On 10/14/24 12:06 PM, Daniel P. Berrangé wrote:
On Mon, Oct 14, 2024 at 04:55:37PM +0100, Daniel P. Berrangé wrote:
On Mon, Oct 14, 2024 at 04:37:42PM +0100, Richard W.M. Jones wrote:
On Mon, Oct 14, 2024 at 10:46:22AM -0400, Laine Stump wrote:
On 10/14/24 5:35 AM, Richard W.M. Jones wrote:
On Mon, Oct 14, 2024 at 09:52:13AM +0100, Daniel P. Berrangé wrote:
Urgh, I wonder if this is fallout from switching to NFT instead of iptables.
I can list the firewall rules if you tell me what I'm looking for ...
IIUC, the NFT kernel maintainers didn't implement for checksum fixup rules,
since they believe that all modern distros would have long ago fixed their
bugs wrt mangled checksums.
That's the first thing that came to my mind too - maybe RHEL5
*isn't* the only guest OS that has this problem. (I certainly hope
that isn't the case :-/)
There are two ways to test out this theory:
1) change the setting of "firewall_backend" in
/etc/libvirt/network.conf to "iptables" and restart virtnetworkd
(if that does work, then switch back to nftables, restart
virtnetworkd, and test again just to make sure the issue wasn't
caused by some out-of-place rule)
I changed the setting between nftables and iptables a few times and I
can confirm that your theory seems to be correct.
iptables =>
"5 bad udp checksums in 5 packets" message is NOT seen
FreeBSD gets an immediate DHCPOFFER and boots quickly with network
nftables =>
FreeBSD sends 5 DHCPDISCOVER messages
"5 bad udp checksums in 5 packets" reappears
FreeBSD does NOT see DHCPOFFER, although it does seem to remember
the offer from the previous boot, so it does get a network
connection in the end.
or
2) tell qemu to setup the virtio-net device to do its packet
processing in userspace rather than the kernel.

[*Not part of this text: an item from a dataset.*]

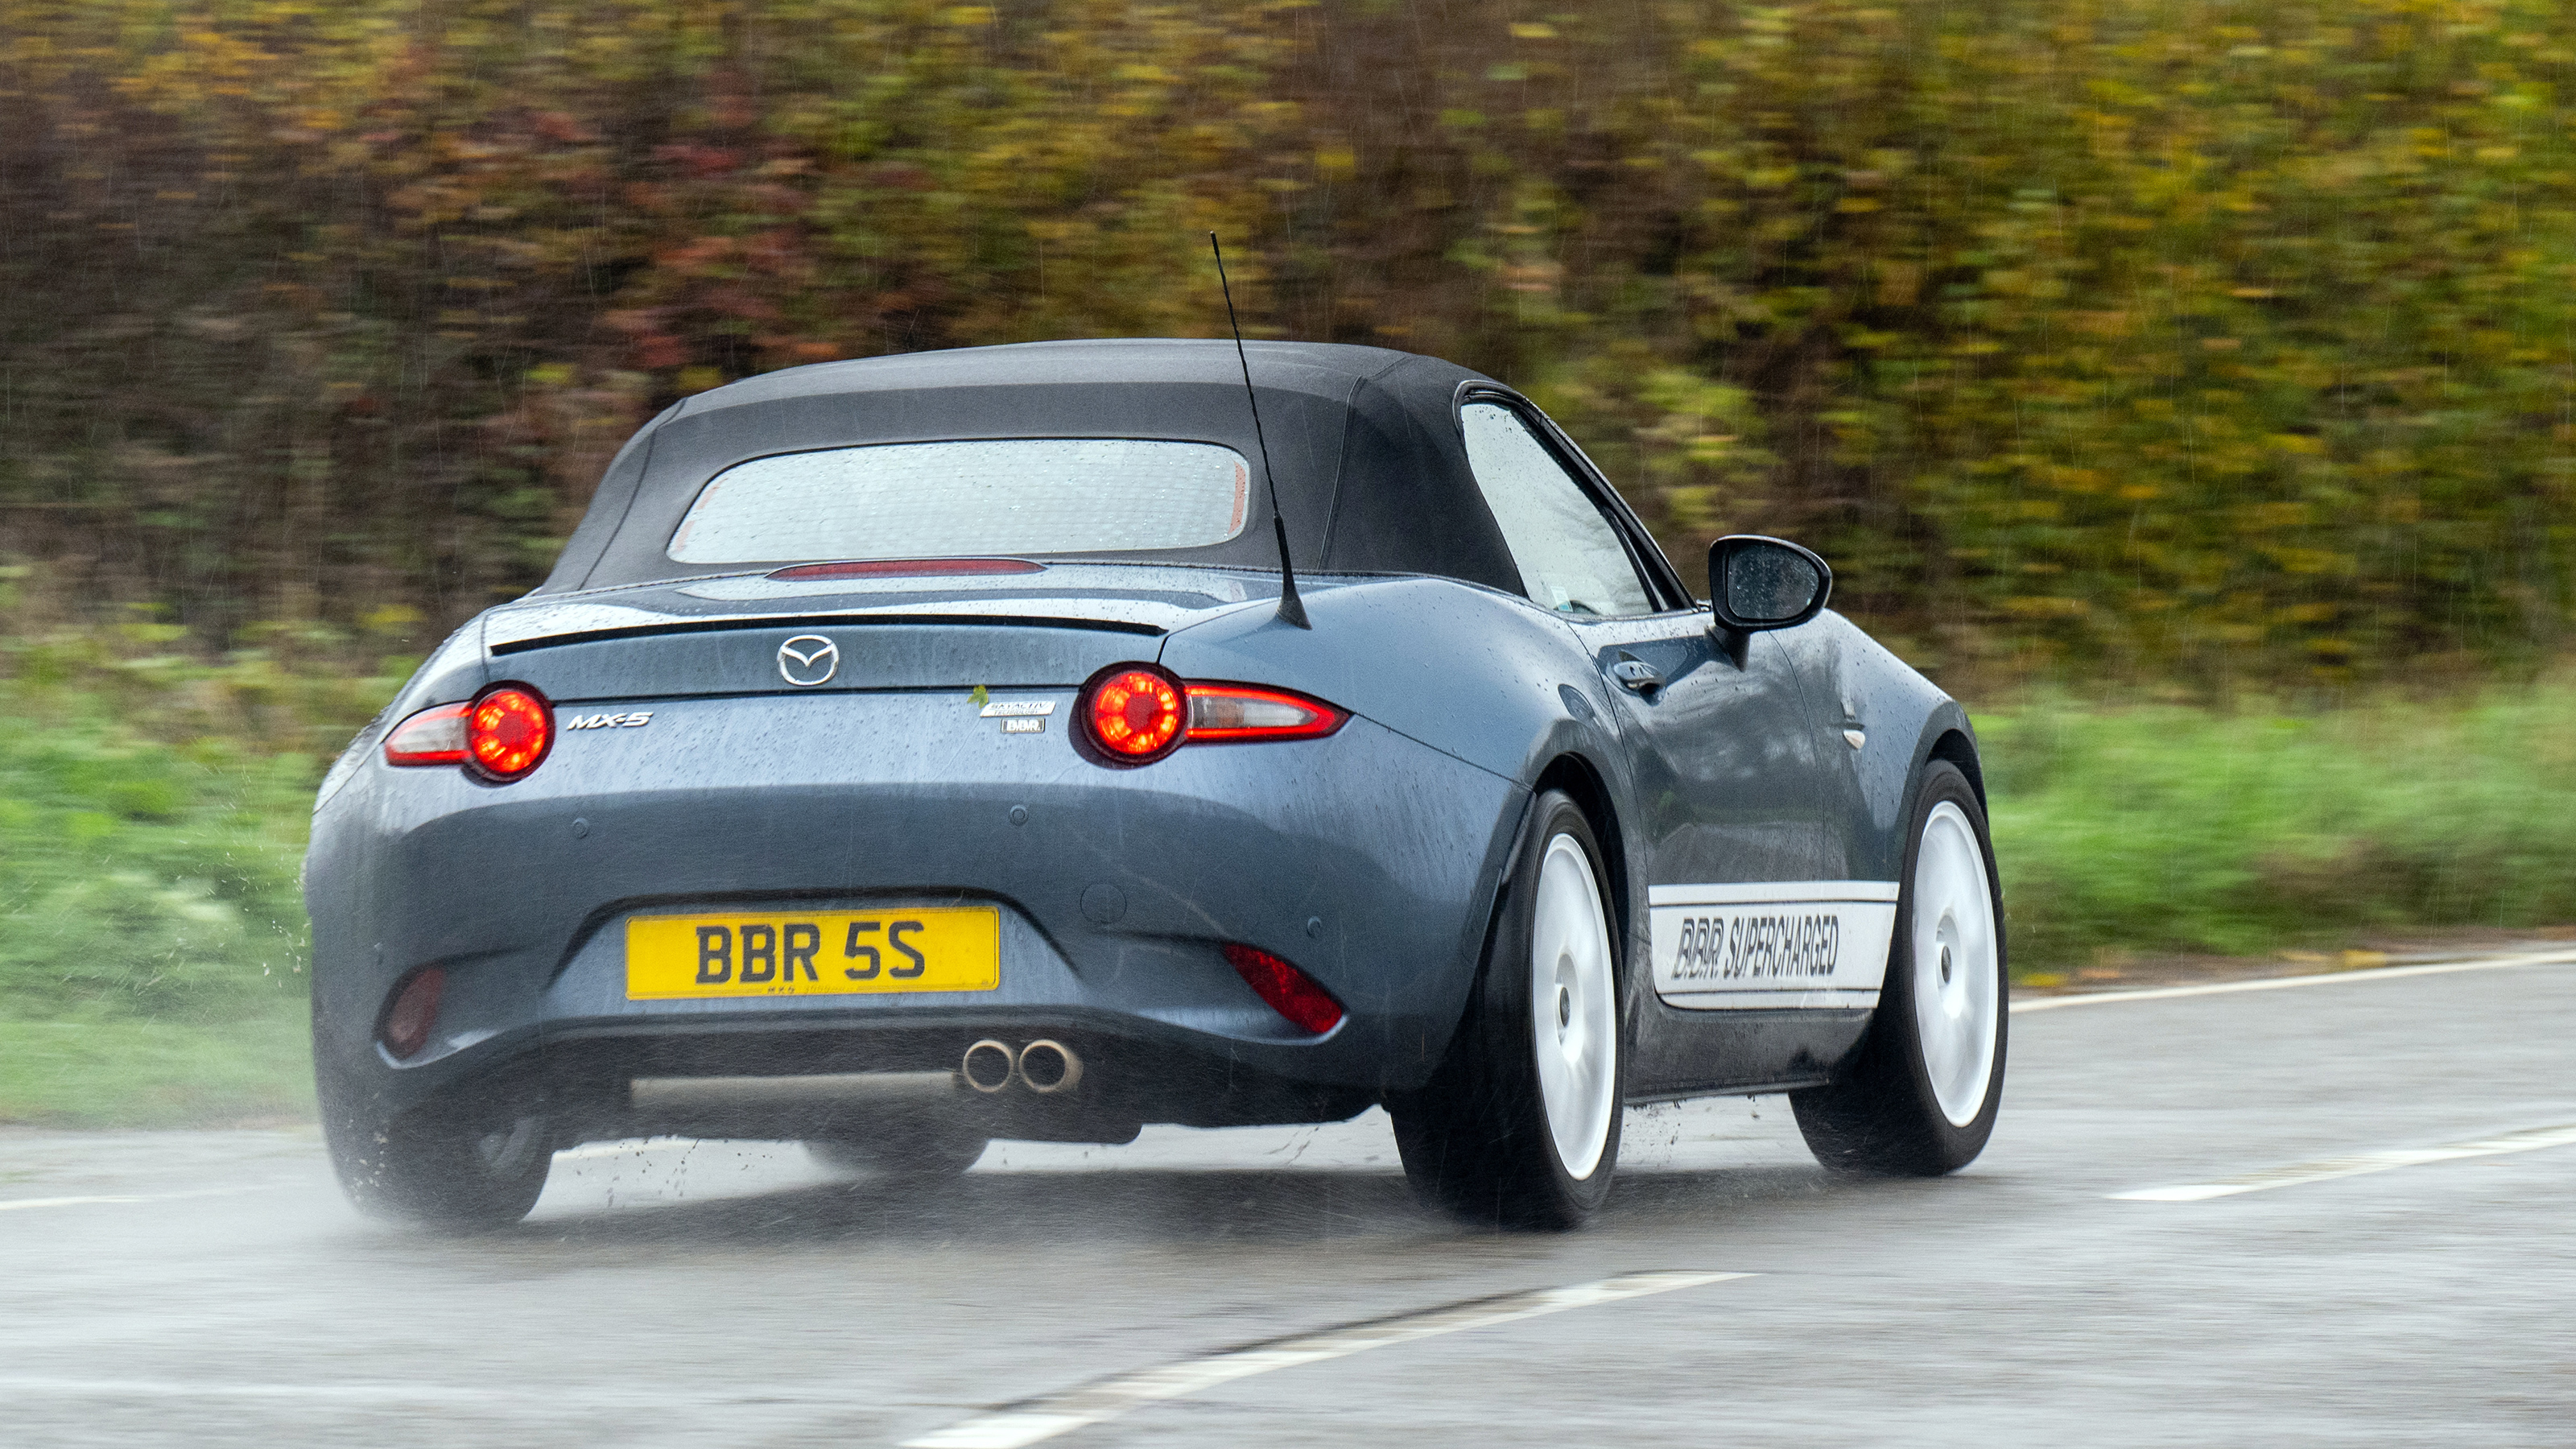 BBR Supercharged Mazda MX-5 (ND) 2023 review – tuned 250bhp roadster driven

You do this by
adding
<driver name='qemu'/>
to the <interface> section.
This also works (with nftables).
If I understand the trace correctly, the bad checksum originates on
the Linux host (the reply sent by dnsmasq).
I need to try it again to verify, but my recollection is that (when
you're using virtio-net with default settings) the checksums of DHCP
packets in one direction or the other *always* show up in tcpdump as
having bad checksums, but they still end up getting to the other end
with a proper checksum. Sometime in the distant past I *may have*
had it explained to me why this happens, but I don't recall now.

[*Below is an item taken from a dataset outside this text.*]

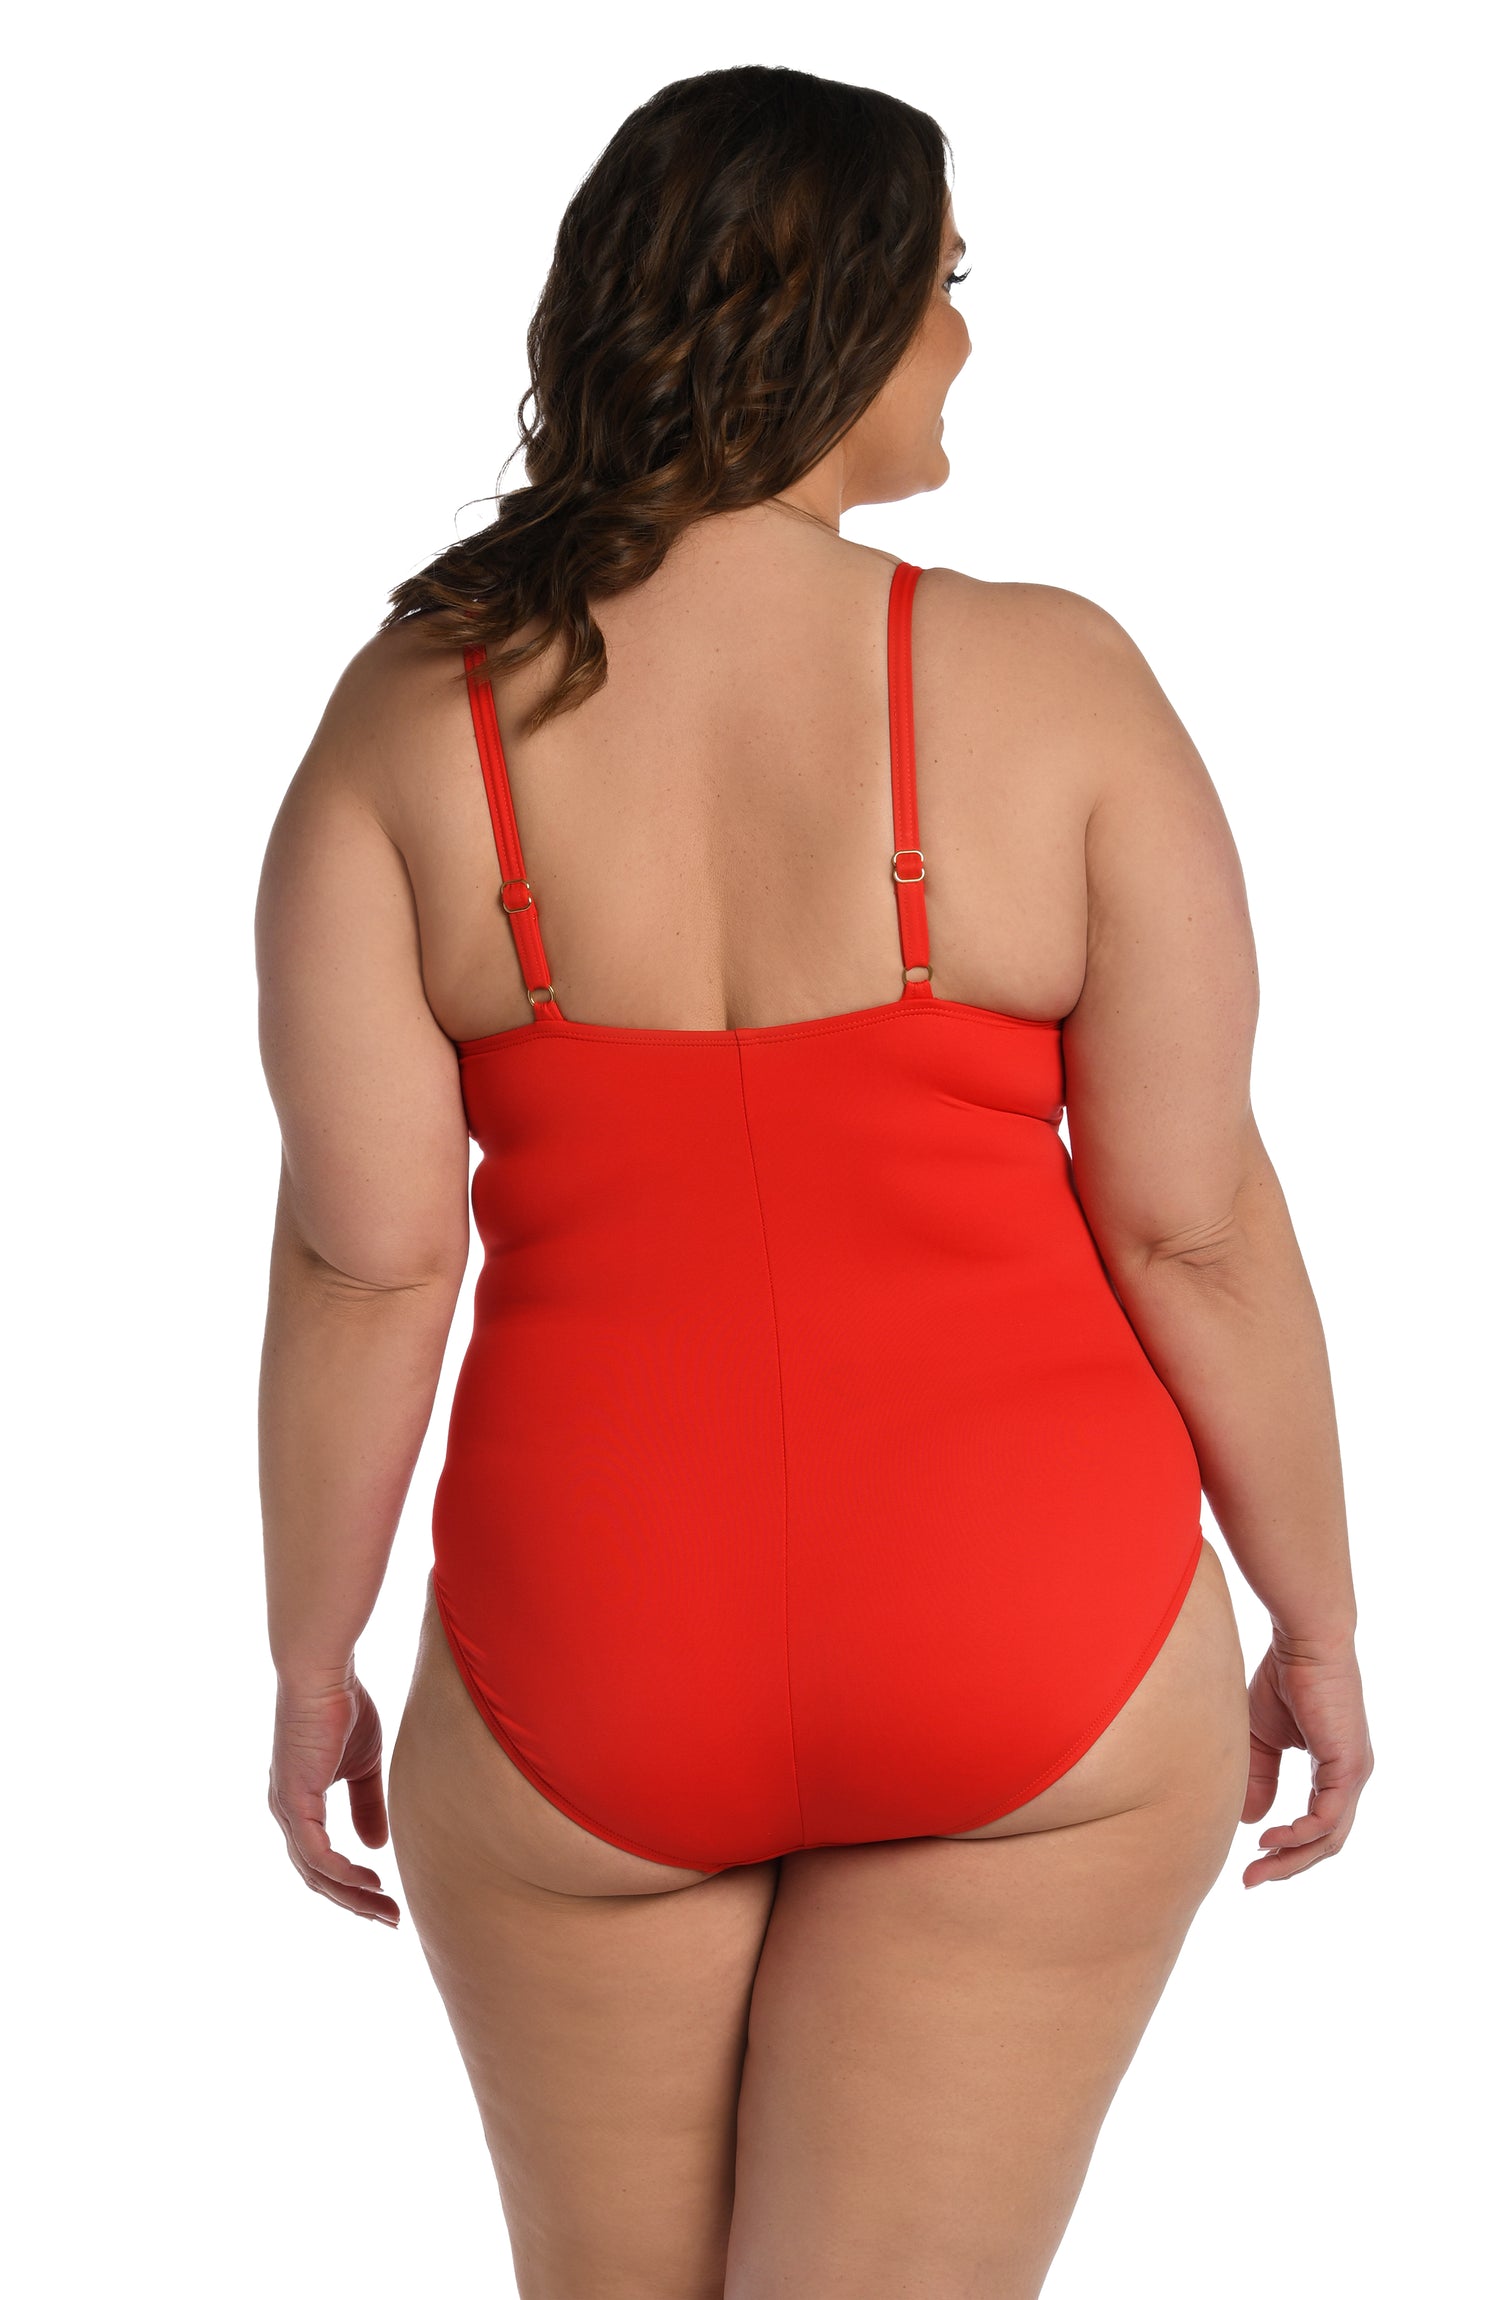 Model is wearing a cherry colored one piece swimsuit from our Best-Selling Island Goddess collection.

Anyway, I'm just saying this so that you know the validity of the
UDP checksum shouldn't be used as an indicator of whether or not
things are "working".
I have to say I also don't really understand what's happening here.
Isn't the Linux host sending DHCPOFFER? Why doesn't it set the UDP
checksum correctly and/or why would tcpdump report it wrongly if it is
setting it?
Here are the original gory details
https://lists.isc.org/pipermail/dhcp-hackers/2010-April/001835.html
TL;DR: we have checksum offload running so the host doesn't fill
in any checksums, but DHCP client then tries to validate the
non-existant checksum. Boom.
ISC DHCP fixed this in
https://github.com/isc-projects/dhcp/commit/7ff6ae5aa85754119319def3c7f225a40da299c4
and if i'm interpreting this patch correctly, it is only fixed on
Linux - most changes are in lpf.c, which is "Linux Packet Filter",
and I'm assumnig that codepath won't be used on *BSD.

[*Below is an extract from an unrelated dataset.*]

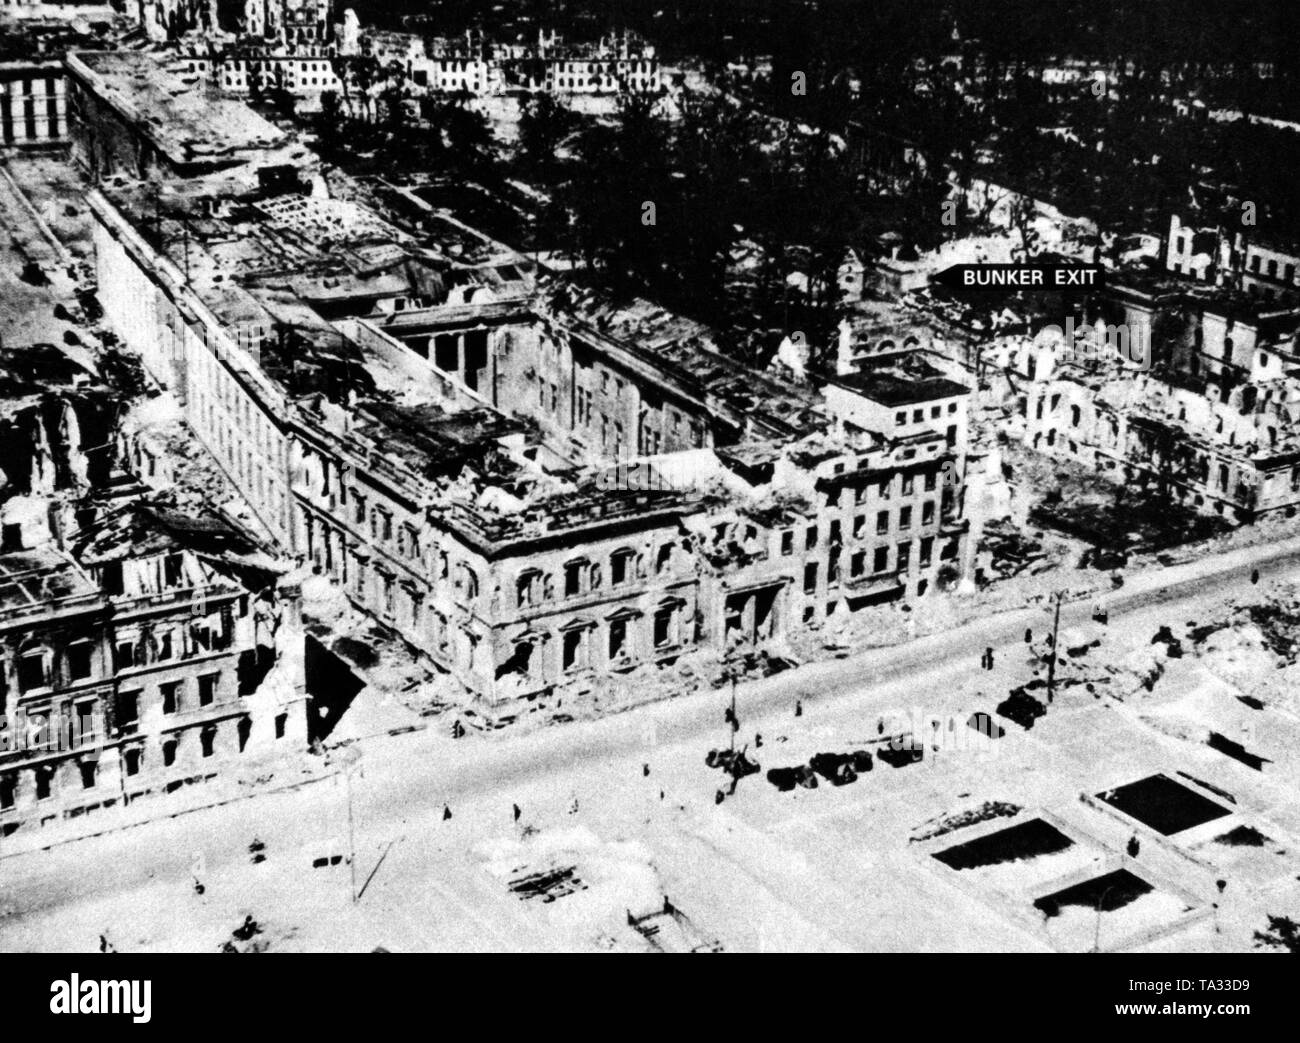 Photo of the entire site of the destroyed Reich Chancellery in Berlin, taken in the summer of 1945. The exit to the 'Fuehrerbunker' is marked at the top on the right. Stock Photo

If correct, then the idea that checksum fixup from iptables is
obsolete is incorrect, and we need it added to nftables for parity.
Requiring users to turn off vhost-net feature is horrible, not
just for the user experiance of not having a broken VM out of
the box, but also for performance, as checksum offloading is a
good thing if you want fast networking.
Phil Sutter and Eric Garver suggested that we try 0'ing out the checksum
of these packets, which is something that nftables *can* do. Phil tried
it and it worked for him, so I tried it and it worked for me too. So
this weekend I made a patch that will add a rule like this:
nft -ae insert rule ip libvirt_network postroute_mangle \
oif virbr0 udp dport 68 counter udp checksum set 0
along with adding a single chain like this to contain all those rules:
nft add chain ip libvirt_network guest_mangle \
'{ type filter hook postrouting priority 0; policy accept; }'
I've tested it with FreeBSD and Fedora guests and it works properly with
both. I posted the patch to devel@xxxxxxxxxxxxxxxxx
https://www.spinics.net/linux/fedora/libvir/msg249203.html
and am hoping that others can also test it to verify that it's not
*breaking* dhcp for any other guests (I personally don't have much in
the way of Windows guest images, or debian/ubuntu/suse/etc. I could spin
some up but it would probably be faster (and less work for me!) if other
people just tested with what they have).